Relationship between variables
The best way to see the relationship between the variables is to use a correlation heatmap:
From the figure above, we can get the following insights:
Strong correlations
Feature Pair | Corr | Interpretation |
---|---|---|
construction – price | 0.84 | Bigger homes → higher price (intuitive) |
land – price | 0.82 | Larger land → higher price |
construction – land | 0.85 | Bigger buildings tend to be on larger plots |
construction – parking_spaces | 0.74 | Larger homes → more parking |
full_bathroom – bedrooms | 0.70 | More bedrooms → more full bathrooms |
Moderate correlations
Feature Pair | Corr | Interpretation |
---|---|---|
price – parking_spaces | 0.75 | More parking adds value |
construction – full_bathroom | 0.73 | Bigger homes → more bathrooms |
price – full_bathroom | 0.64 | Bathrooms → add value, but less than construction or land |
construction – bedrooms | 0.64 | Bigger homes → more bedrooms |
bedrooms – land | 0.51 | More bedrooms likely on bigger lots |
Weak or negative correlations with price per m²
Feature | Corr | Interpretation |
---|---|---|
construction | -0.18 | Larger homes often lower per m² (economies of scale) |
bedrooms | -0.41 | More bedrooms = bigger home, but price doesn’t increase proportionally |
property_age | -0.40 | Older homes tend to be cheaper per m² |
full_bathroom | -0.13 | Slightly less valued in price per m² |
land | -0.01 | Virtually no effect per m² (used for other purposes?) |
gated_community | -0.18 | Possibly location-specific; may not raise price per m² on average |
Another interesting finding is that pool
appears to have no significant
correlation with any other variable, which may suggest that it isn’t
consistently valued across areas.
Prices in the top 10 most offered neighborhoods
How’s the price distribution across neighborhoods? Below we have the top 10 neighborhoods across Guadalajara and Zapopan with the most properties on sale and their distribution.
We can see that the boxplots of neighborhoods such as ‘Colomos providencia’, ‘Country club’ and ‘Puerta de hierro’, which are known for their exclusivity, raise above the others, showing that the price per m² is higher.
On the other side, we see that ‘Valle Imperial’, and ‘Ciudad Bugambilias’ tend to be lower than the others, this could be because both neighborhoods are in the outskirts of the city.
Price on the map
Lastly, we can see a heatmap of the properties in Zapopan and Guadalajara colored by their price per m². We can see that the most expensive properties tend to be in the left-most center of the city, in Zapopan.
Looking at a clearer picture, using the neighborhood average price to color the areas, we see that, indeed, the center of Zapopan is the most expenisve zone in the metropolitan area and that the outskirts tend to be lower in price.
Interactive map
References
[1] Noring, C., Jain, A., Fernandez, M., Mutlu, A., & Jaokar, A. (2024).
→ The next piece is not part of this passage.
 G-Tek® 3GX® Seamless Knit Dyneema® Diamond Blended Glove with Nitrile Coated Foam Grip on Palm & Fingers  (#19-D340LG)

Prompt strategy. In AI-assisted programming for web and machine learning (Chap. X). Packt Publishing.
[2] Verdhan, V. (2025). Introduction to machine learning. In Data without labels (Chap. 1). Manning Publications.
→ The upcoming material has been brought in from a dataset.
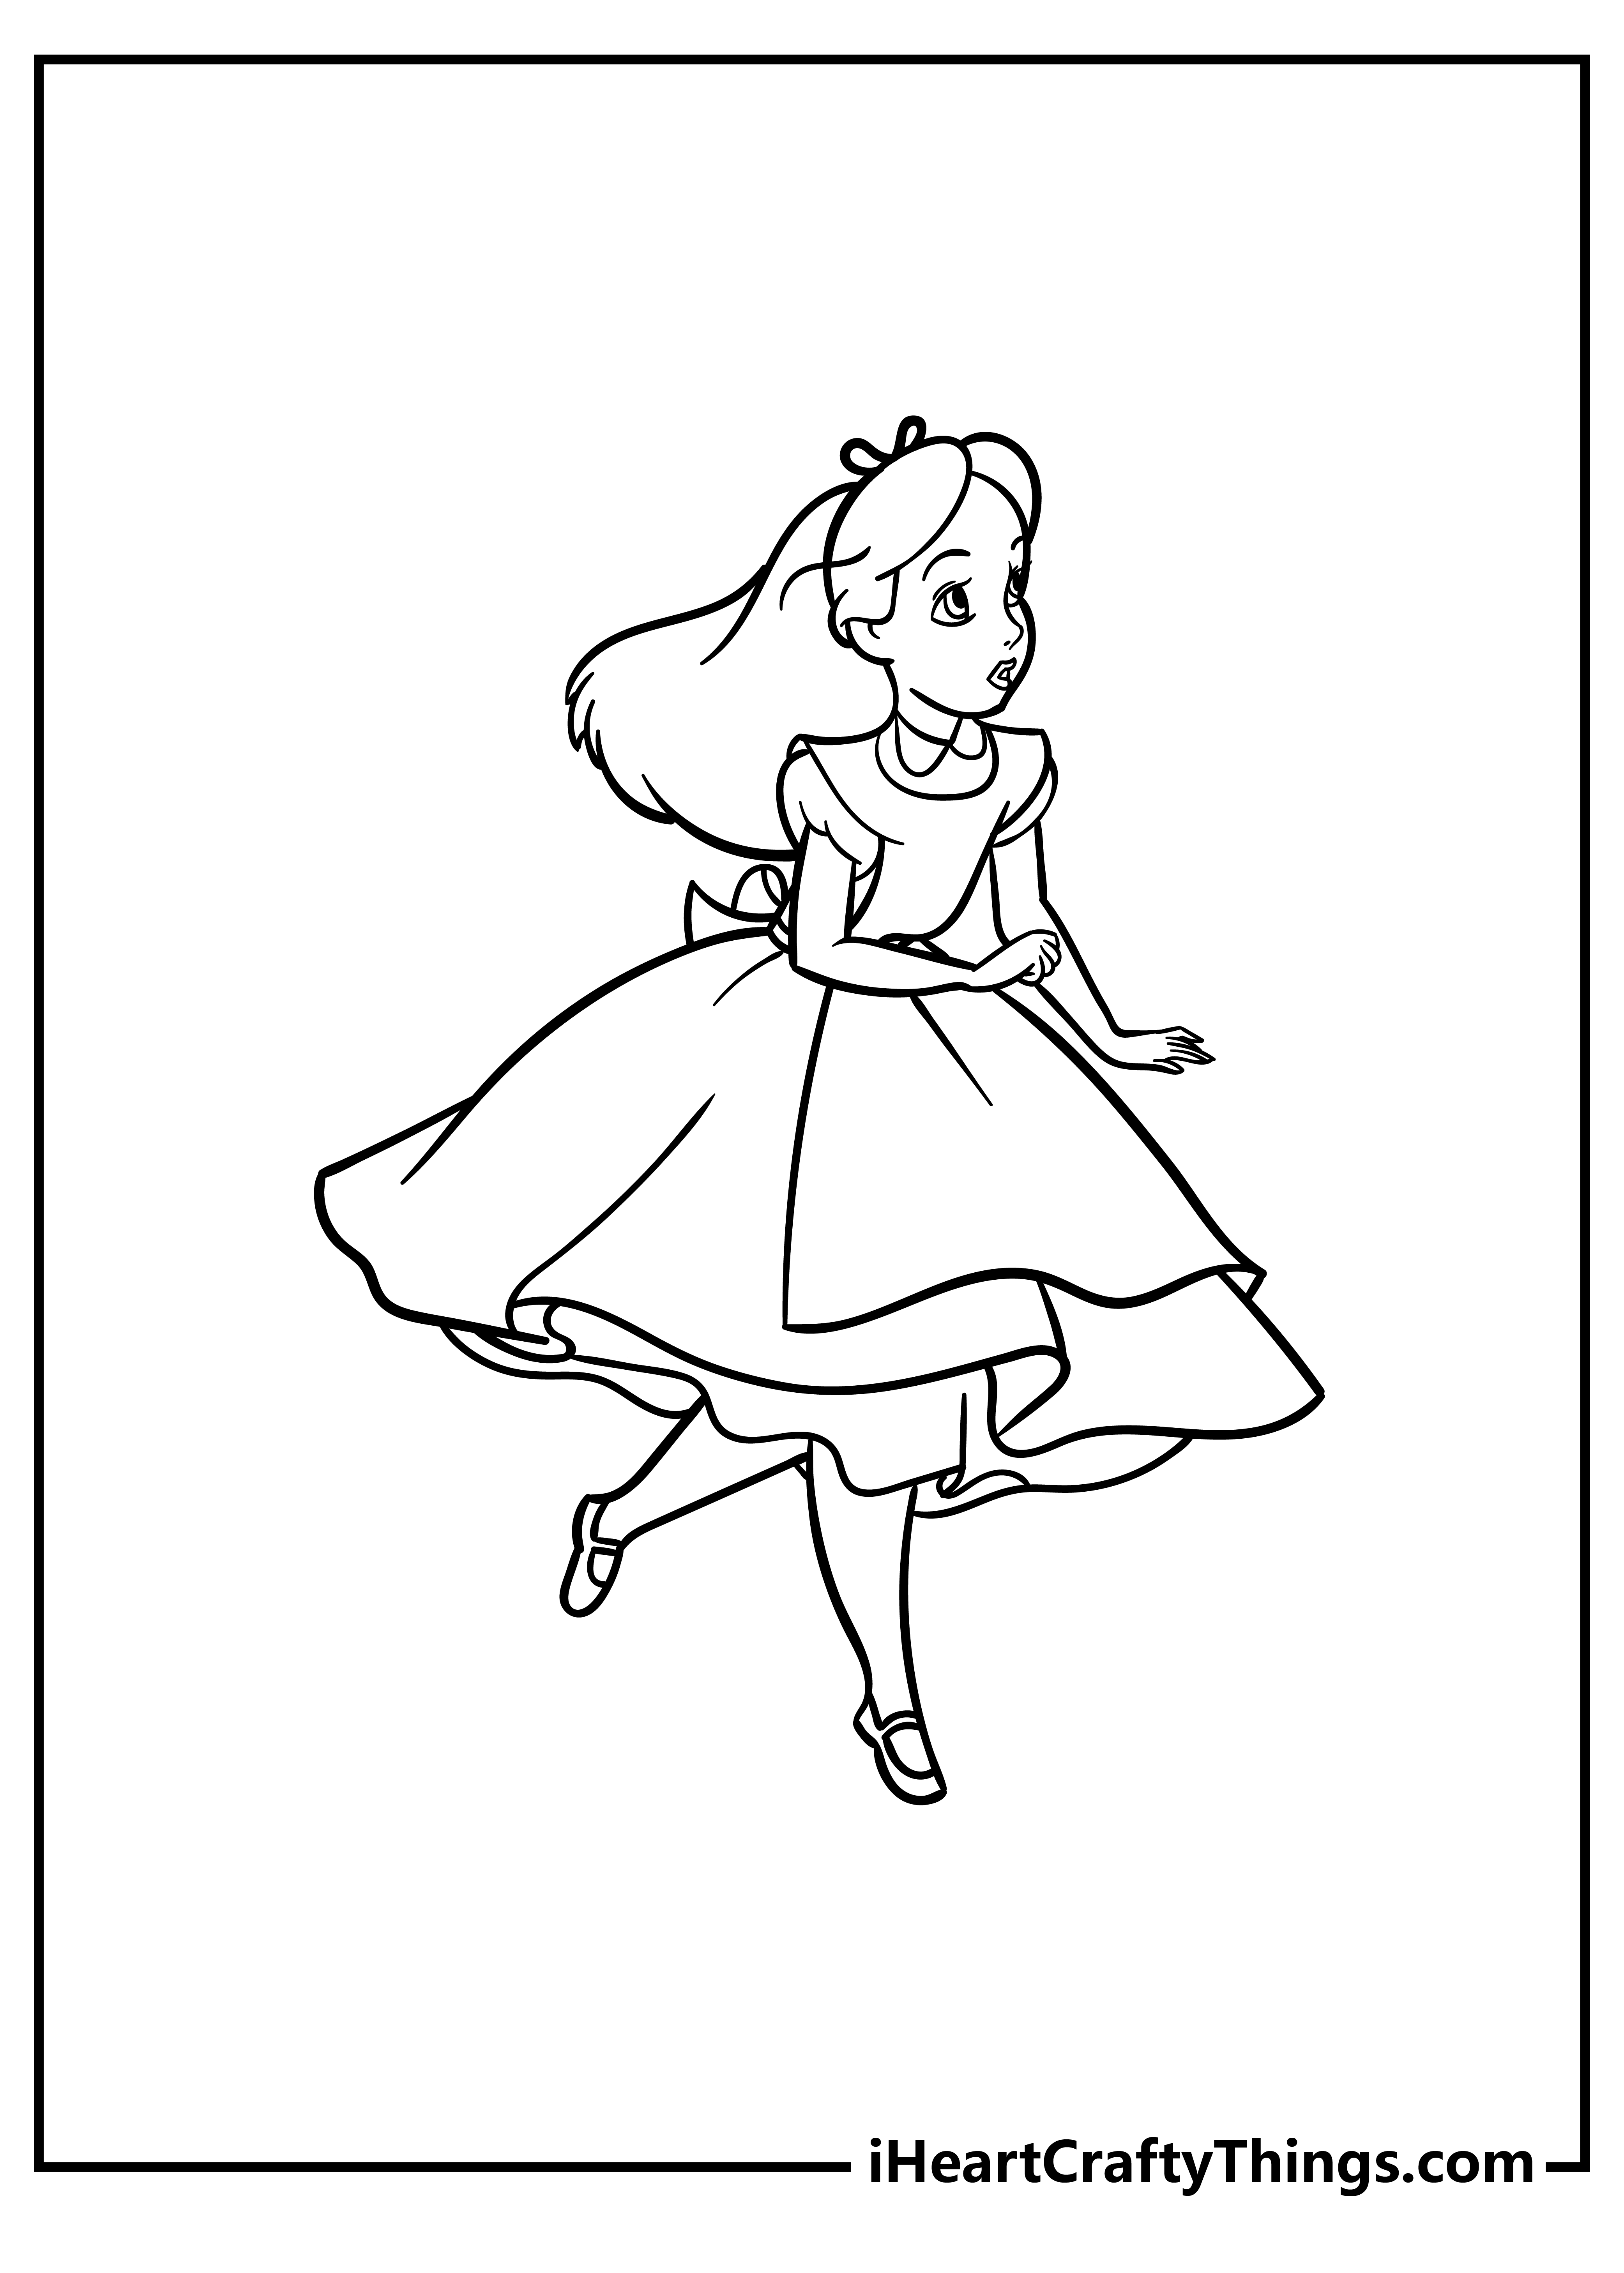 Alice In Wonderland Coloring Sheet for children free download

[3] Pelletier, H. (2024). 3 Simple Statistical Methods for Outlier Detection. Towards Data Science. https://towardsdatascience.com
[4] Lang, E. (2024). Anomaly detection on nonnormalized data. In Statistical Tableau (Chap. 7). O’Reilly Media, Inc.
[5] Yehoshua, R. (2025). Introduction to Scikit-Learn. In Machine learning foundations, Volume 1: Supervised learning (Chap. 3). Addison-Wesley Professional.
[6] Han, J., Kamber, M., & Pei, J. (2011). Outlier detection. In Data mining: Concepts and techniques (3rd ed., Chap. 12). Morgan Kaufmann.